The effort to recover the original context of this passage is what has made it such an attraction to modern scholars. I will not, however, add my voice to the cacophony of speculations about the original context. The passage is too short and too cryptic to recover from it an unknown narrative. First, since the name Moses is not in the passage, we cannot even be sure that this was originally a tradition about Moses at all. Second, since a woman performing a circumcision rite is unheard of in any ancient culture of which we know, it can be safely assumed that what we have is not a normal rite, but something abnormal (that is, Zipporah circumcising her son) occurring because of an unknown dilemma which has taken place in an unknown narrative. In my opinion, whatever tradition this text might have originally been a part of, it is irretrievable unless some archaeologist's spade might happen upon it in the desert - not impossible, but not very probable.
As interesting as some of the speculations on the passage's earlier form truly are, my work shall center on the final form of the text, its meaning(s) in its immediate and broader textual context, and the implications for the exilic and post-exilic community - that is, why this text might have been included in its present shape.
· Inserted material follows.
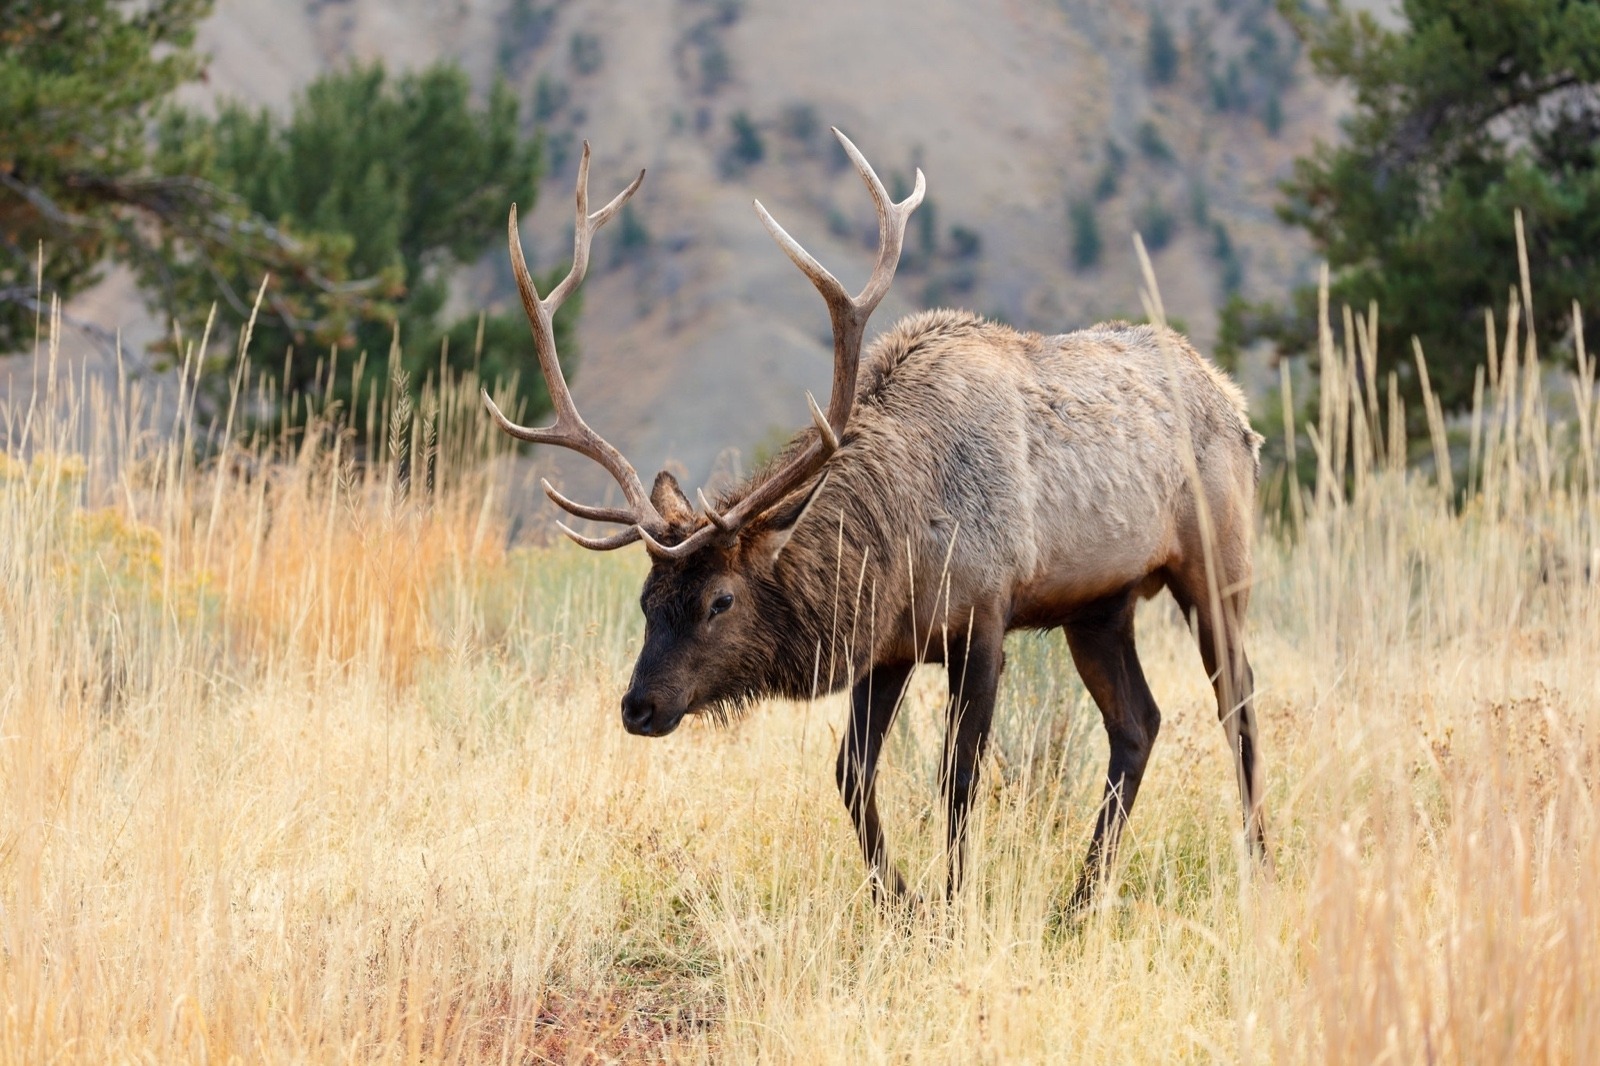 A bull elk in Yellowstone, its survival dependent upon having access to public and private lands. Photo courtesy Jacob W. Frank/NPS

In discussing the final form of the text, the main question that arises is, "Who is being attacked?" The passage in Hebrew uses only the masculine pronoun, "he." Is "he" Moses, or is "he" Moses' son? What I propose is that the ambiguities within the passage are intentional and invite both readings. Further, the passage invokes many themes that resonate with a complex matrix of concerns relevant to the exilic and post-exilic community. The pericope may be ambiguous and enigmatic, but it has been masterfully crafted with purpose and function and it deserves a serious canonical reading.
THE LADY WITH THE KNIFE
It seems strange to have a woman perform a circumcision rite; we know of no ancient culture where circumcision is the prerogative of a woman. H. Eilberg-Schwartz makes the argument that circumcision was often a mechanism for solidifying the bonds of kinship between a father and his son, "enabling men to assert inter-generational ties to their male descendants. Men thus associate circumcision with the desire to deny the connection between mother and son and emphasize that between father and son."1 Eilberg-Schwartz even gives an example of a tribe that claimed that the blood of circumcision was dangerous to the reproductive functions of females. The women could not even walk over the spot where the blood had been buried.2 It would be difficult to determine how much of this male psychology was at work in the Hebrews. Nevertheless, we do know that women did not circumcise.3
Zipporah was not the only person at the scene who could have performed the circumcision rite. If Moses' son was under attack, Moses could have performed the circumcision. If Moses was under attack, he still could have performed the circumcision before his divine attacker reached him. Only if Moses was under attack in such a way that he was actively wrestling with his attacker could he not circumcise his son. But this is by no means mandated by the text. Why it was Zipporah who circumcised the boy is not immediately clear. But more significant than her gender, her literary importance to the passage may lie not in the fact that she was a woman, but that she was a Midianite.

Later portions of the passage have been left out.